Care Codeine 15mg/5ml Oral Solution Sugar Free

2. Qualitative and quantitative composition

Codeine phosphate 15mg (Per 5ml Dose)

For excipients, see 6.1

3. Pharmaceutical form

Oral Liquid

A viscous orange coloured liquid.

4. Clinical particulars
4.1 Therapeutic indications

Codeine is indicated in adults for the relief of an unproductive dry cough.
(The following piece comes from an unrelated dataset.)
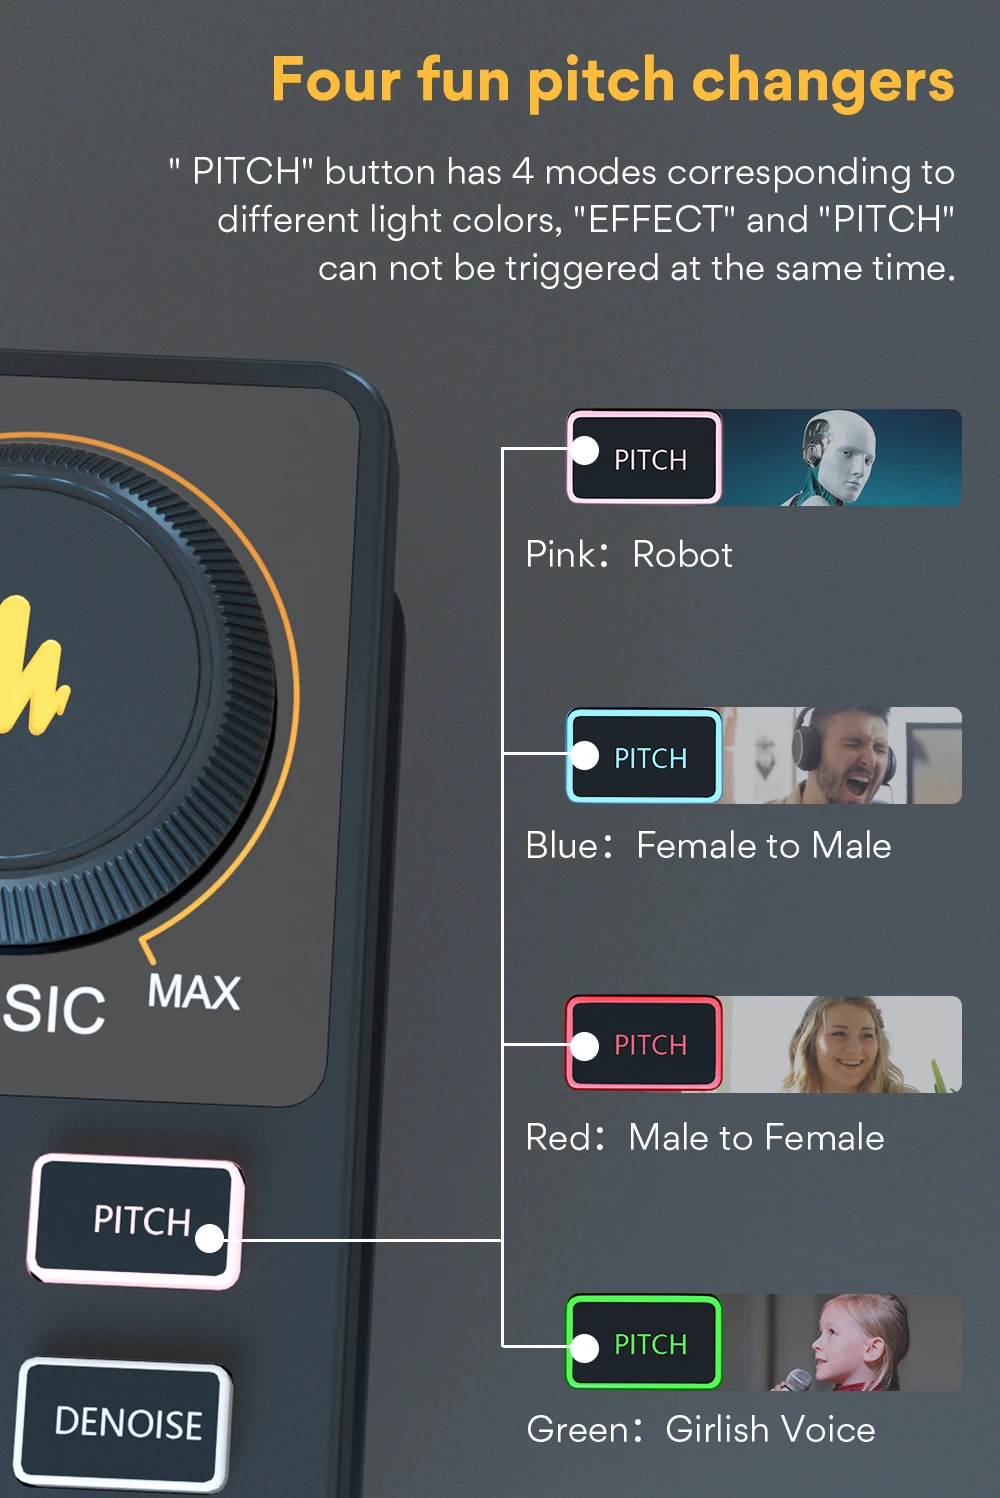 MAONO AM200 Odborná 12 Druhov Elektronických Zvukových Hudobných Audio Mixer Profesionálne Digitálne Audio Mixer Pre PC Karaoke v službe Youtube

4.2 Posology and method of administration

For oral administration.


One 5ml spoonful four times daily.


Should be used with caution; a reduced dose can be recommended by a doctor.

Paediatric population

Codeine should not be used for the treatment of children under the age of 18 years.

Prior to starting treatment with opioids, a discussion should be held with patients to put in place a strategy for ending treatment with codeine in order to minimise the risk of addiction and drug withdrawal syndrome (see section 4.4).

4.3 Contraindications

Suspected opiate abuse, known hypersensitivity to codeine or any of the other ingredients.

Liver or respiratory failure or patients at risk of paralytic ileus.

In patients with raised intracranial pressure or head injury.

In patients for whom it is known they are CYP2D6 ultra-rapid metabolisers.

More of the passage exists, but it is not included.